It can thus be expected that the excretion of β2M will increase when the GFR falls for any causes. Indeed, Eβ2M/Ccr was inversely associated with the eGFR in both women and men (Figure 3c), although the causes of their eGFR decreases seemed to be different. In a quantitative analysis (Figure 3d), the η2 value describing the effect size of Eβ2M/Ccr on the eGFR variability was 1.7-fold larger in women than in men (0.114 vs. 0.066). In both women and men, the eGFR was the lowest in those who had (Eβ2M/Ccr) × 100 ≥ 1000 µg/L filtrate, indicative of severely impaired tubular function.
Notably, the POR for a reduced eGFR was increased by 8.3-fold and 33.7-fold in those with (Eβ2M/Ccr) × 100 of 300–999 and ≥1000 µg/L filtrate, respectively (Table 7), compared to those with Eβ2M/Ccr) × 100 < 300 µg/L filtrate. A substantial loss of nephron function was a likely cause of the massive increases in Eβ2M/Ccr that was seen in those who had an eGFR below 60 mL/min/1.73 m2.

4.4. The Pitfall of Adjusting Excretion Rate to Ecr and Implication for Health Risk Estimation

The Ccr-normalized data indicate that women and men shared the same burden of Cd (Table 1). The data also indicate that the % of women and men across the three categories of tubulopathy were all statistically different, thereby linking Cd exposure to the severity of tubulopathy in both genders. The logistic regression data (Table 7) show that the likelihood of having a reduced eGFR was increased by 8.3-fold and 33.7-fold in those who had (Eβ2M/Ccr) × 100 of 300–999 and ≥1000 µg/L filtrate compared to those with (Eβ2M/Ccr) × 100 < 300 µg/L filtrate.
The Ecr-normalized data indicated that the mean ECd/Ecr in women was statistically higher than that of men (4.26 vs. 3.30 µg/g creatinine). They also indicated that the difference in % of women across the three tubulopathy categories was minuscule, and that the % distribution of men across the tubulopathy categories was statistically significant. These data suggest an association of Cd exposure and the severity of tubulopathy in men only.
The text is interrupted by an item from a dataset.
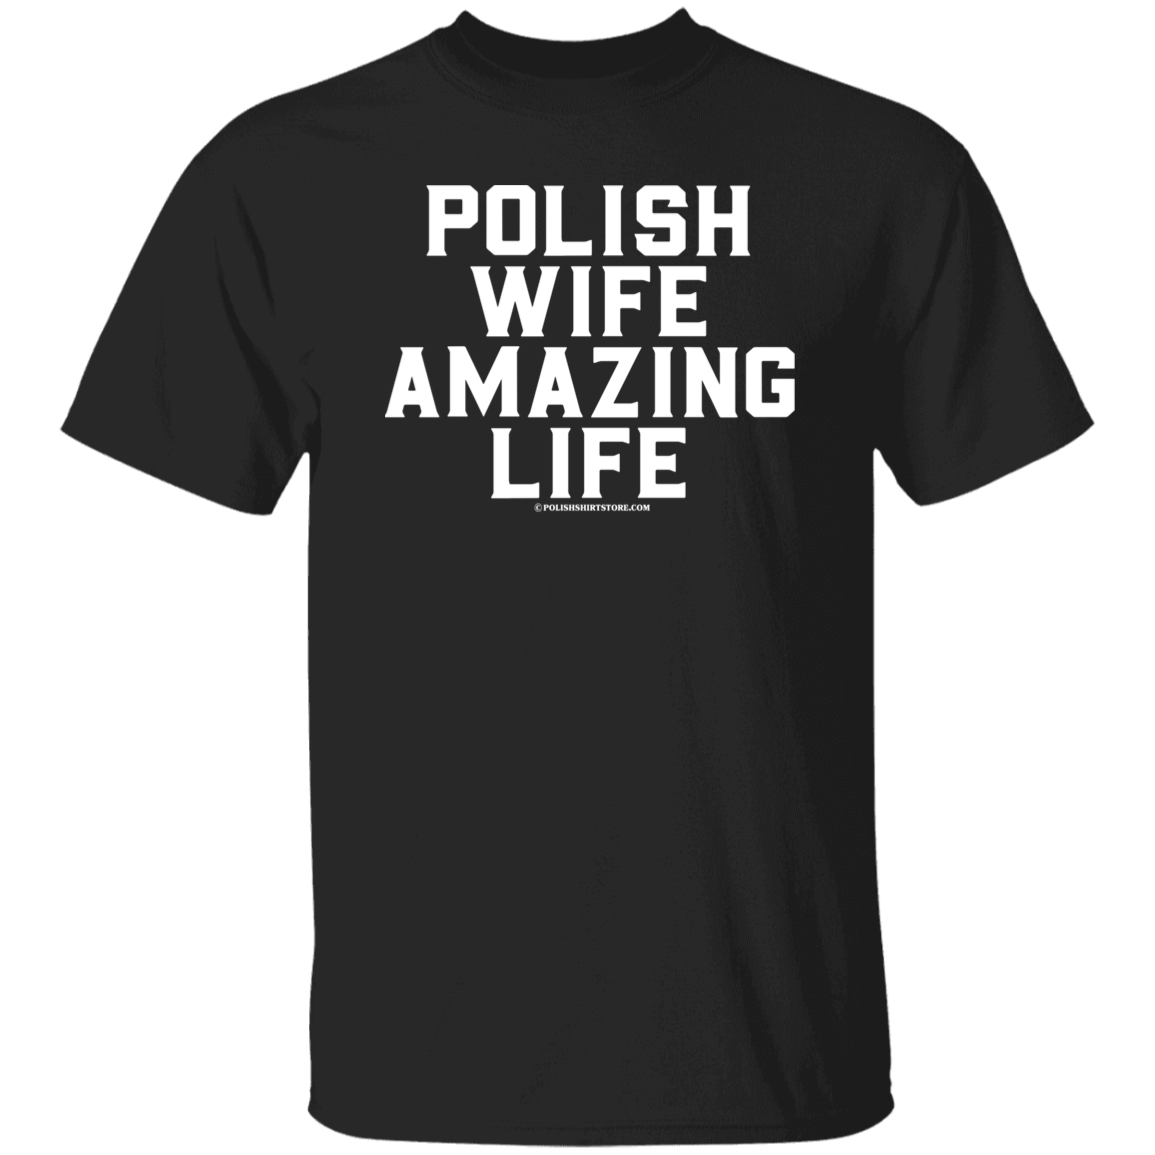 Polish Wife Amazing Life Apparel CustomCat G500 5.3 oz. T-Shirt Black S

The logistic regression data (Table 8) show that the likelihood of having a reduced eGFR was increased by 3.2-fold and 19-fold in those who had Eβ2M/Ecr of 300–999 and ≥1000 µg/g creatinine compared to those with Eβ2M/Ecr < Eβ2M/Ecr.
Previously, Eβ2M/Ecr of 100–299, 300–999, and ≥1000 μg/g creatinine were found to be associated with 4.7-fold, 6.2-fold, and 10.5-fold increases in the prevalence odds of a reduced eGFR [28,29]. Similarly, a rise in Eβ2M/Ecr to levels not higher than 100 μg/g creatinine was associated with an increased risk of hypertension in the general Japanese population [30], while the prospective cohort data showed that Eβ2M/Ecr was associated with a 79% increase in the likelihood of having a large decline in the eGFR (10 mL/min/1.73 m2) over a five-year period [31]. Thus, a cut-off value for Eβ2M/Ecr above 300 μg/g creatinine does not reflect an early warning sign of the nephrotoxicity of Cd. The utility of this Eβ2M/Ecr value as a toxicity criterion to derive a toxicity threshold level for Cd is inappropriate.
In summary, adjusting ECd and Eβ2M to Ecr produces an erroneous interpretation of the effect of Cd exposure on the eGFR, while underestimating the severity of Cd-induced tubulopathy, especially among women. These data call into question the utility of Eβ2M/Ecr of 300 µg/g creatinine to represent the critical effect of exposure to Cd in the human diet. New health guidance values need to be established for this toxic metal, and new public measures are needed to minimize the Cd contamination of food chains.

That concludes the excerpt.